The concept of green building is to design a building that has a
more efficient consumption of electrical energy. The Energy
Consumption Intensity (ECI) of a building in Indonesia with a
tropical climate is regulated in SNI no 03-0196: 2010. In this
standard, the ECI of an air-conditioned building is said to be
efficient if it has a consumption of 7.93-12.08 kWh/M2/month.
Meanwhile, according to the Indonesian Green Building
Council (GBCI), the ECI in Green Building is 50% of a
conventional building. In this study, electrical energy
consumption was measured for at least 1 year. The research
location is the Head Office Building of PT Indonesia Asahan
Aluminium (Persero), a State-Owned Enterprise located in
Batubara Regency, North Sumatra, Indonesia.
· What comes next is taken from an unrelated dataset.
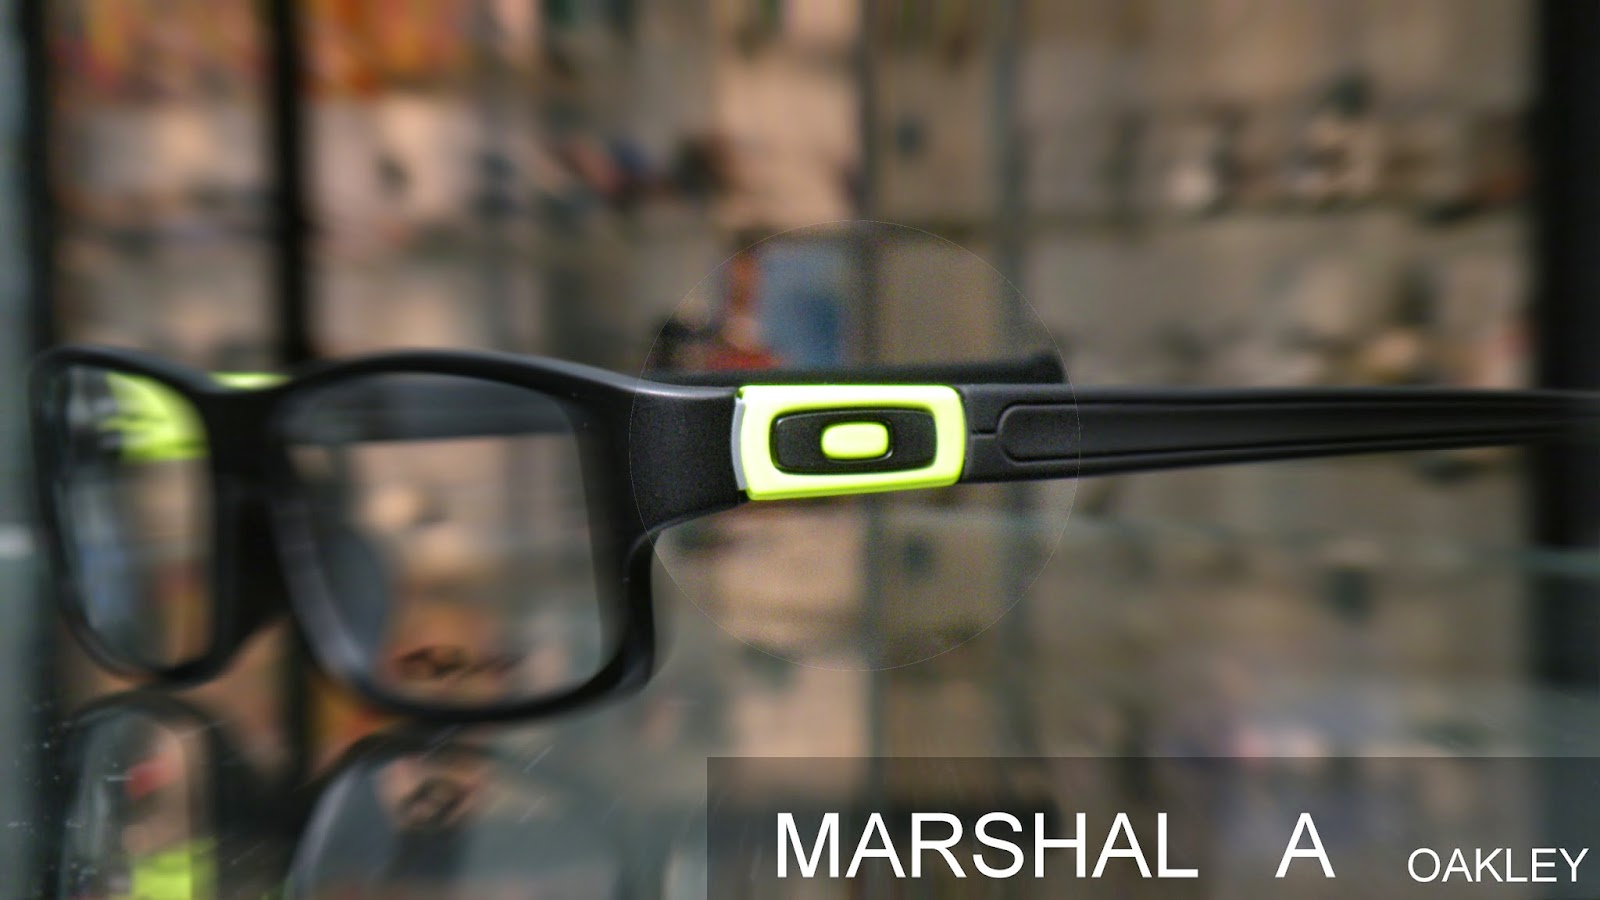 Oakley Marshal A 眼鏡架亞洲版特定設計

According to the
results of the analysis of existing data, it can be concluded that
the Inalum Building has an efficient electricity consumption
intensity according to SNI standards, with a value of 78.34
kWh/m2/year or 6.53 kWh/m2/month. However, as a green
building, the existing air-conditioned space still has an ECI
value that exceeds the specified standard. According to the SNI
standard classification, this building is still considered energy-
intensive because the ECI value of an air-conditioned room is
243.56 kWh/m2/year or 20.29 kWh/m2/month. The novelty that
we get in this research is the actual Energy Consumption
Intensity (ECI) indexes of this green building.
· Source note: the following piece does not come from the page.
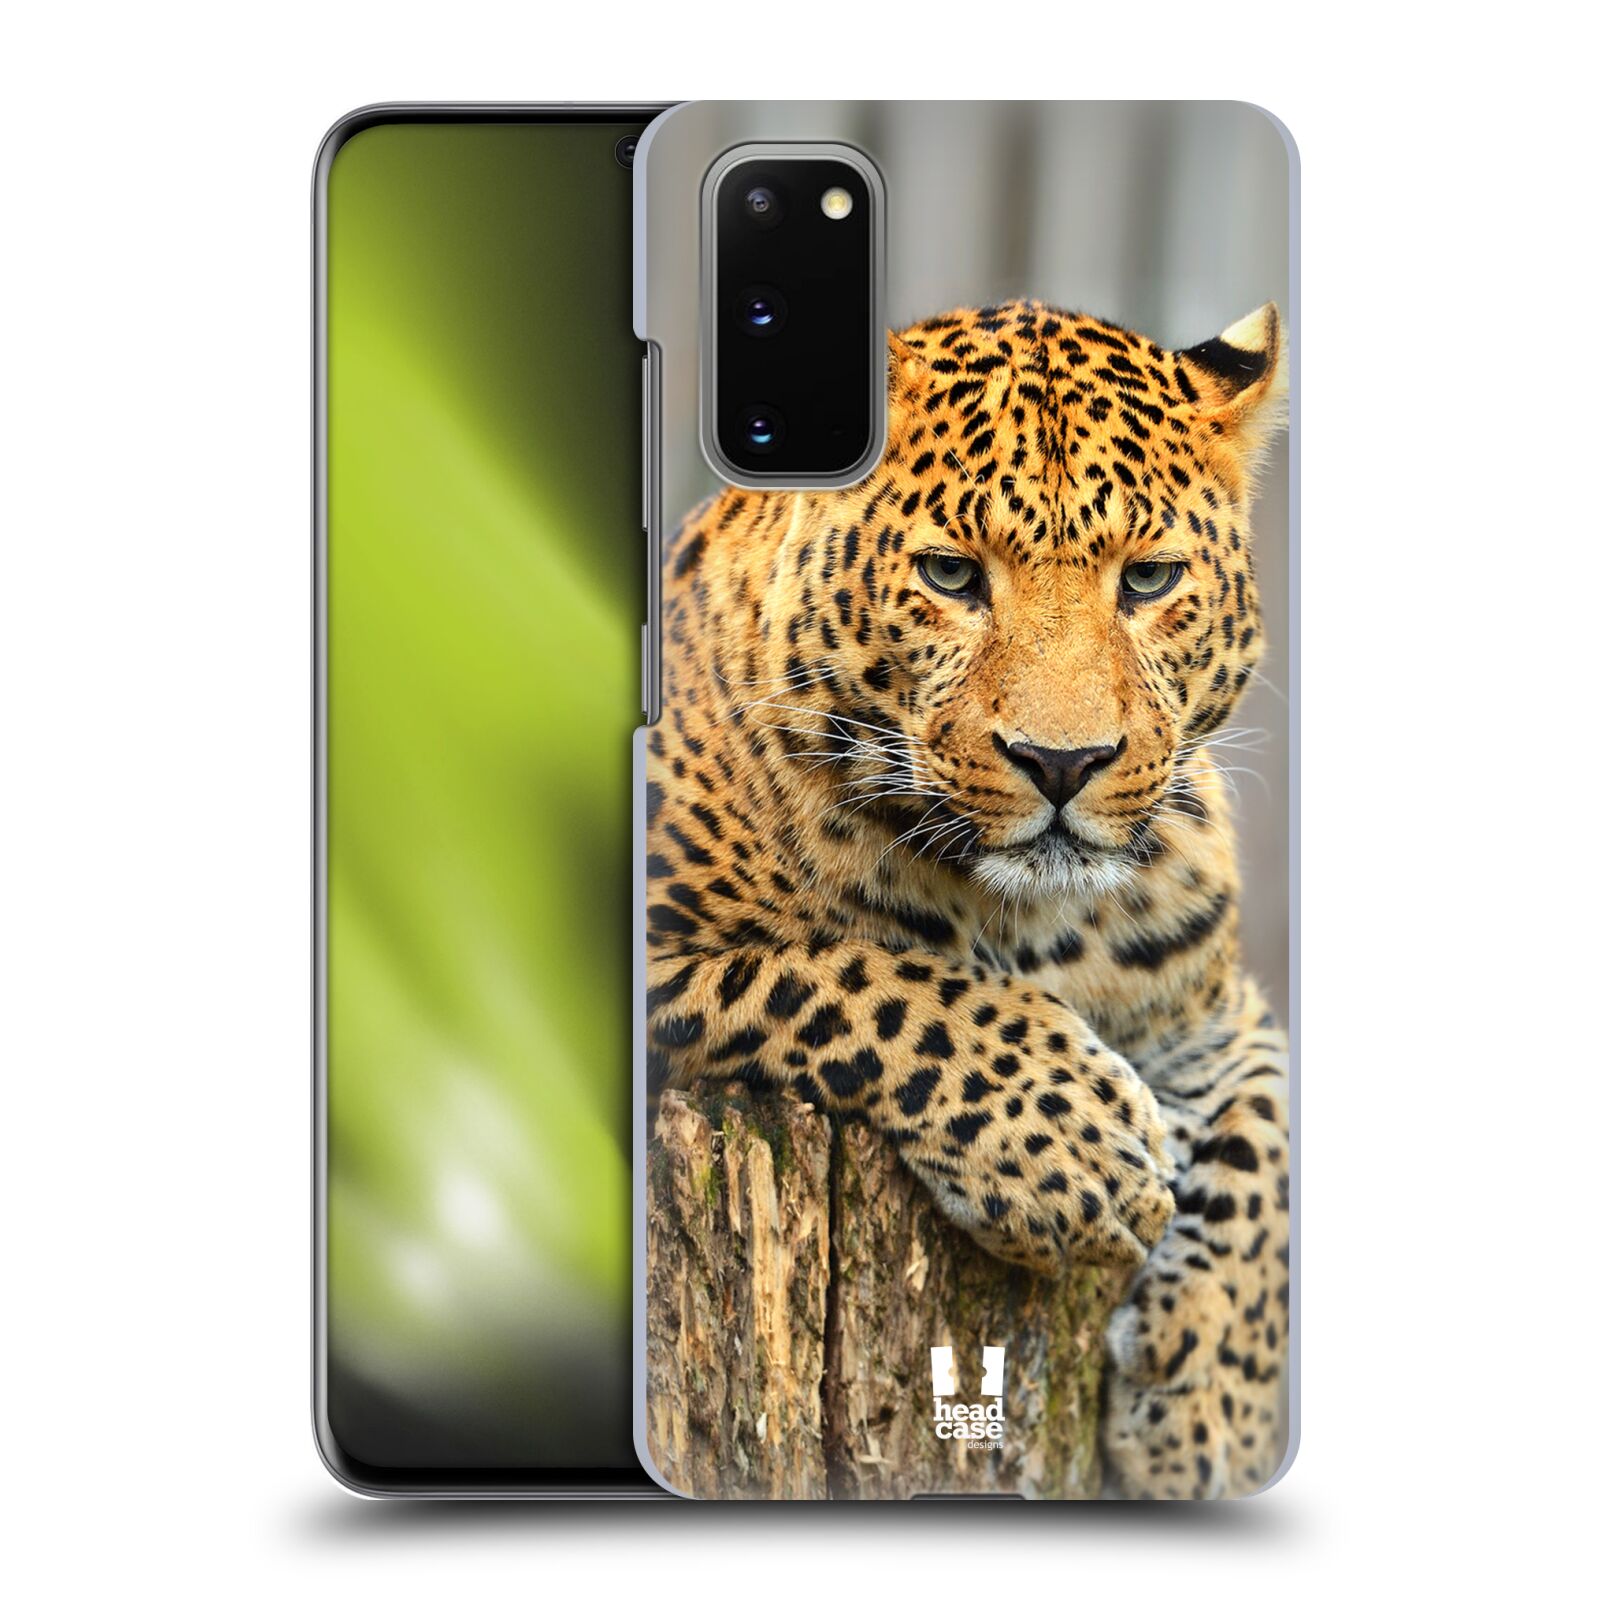 Pouzdro na mobil Samsung Galaxy S20 - HEAD CASE - vzor Divočina, Divoký život a zvířata foto LEOPARD PORTRÉT

Keywords—green building, energy intensity, standard,
energy consumption
I. INTRODUCTION
In Indonesia, environmentally friendly buildings are a
must to anticipate environmental damage and global climate
change. The institution that certifies environmentally friendly
buildings in Indonesia is GBCI (Green Building Council
Indonesia) with green building certification. Compared to the
growth rate of buildings in Indonesia, the number of
environmentally friendly buildings is relatively small (less
than 5%) [1][2]. Worldwide, 30-40% of all energy is used in
buildings[3]. Most of this energy is used for heating, cooling,
lighting, and operating equipment. Energy savings in
buildings can have a faster and greater impact on CO2
emissions than switching to cleaner energy sources. Methods
that can be used to save energy in buildings are grouped into
two methods, namely active and passive. Passive measures
include permanent methods on the building envelope or
facade such as insulation, glazing, ventilation while active
methods refer to automated systems that allow comfort
applications such as heating, cooling, lighting, elevators, and
others [4][5][6][7]. Buildings constitute 32% of the world's
total final energy consumption [1] and are the world's largest
emitters of carbon, so building businesses have a
responsibility to contribute to reducing carbon emissions. The
concept of green building is one solution for the next
sustainable development [2]. One of the biggest barriers to
investing in green buildings is the perception that the costs
incurred are greater than conventional buildings, such as an
increase in the initial investment cost in the building.
Conventional buildings consume more energy sources
than necessary and produce a wide range of emissions and
wastes. To overcome this problem the solution is to build
green and smart buildings or green and smart buildings[8].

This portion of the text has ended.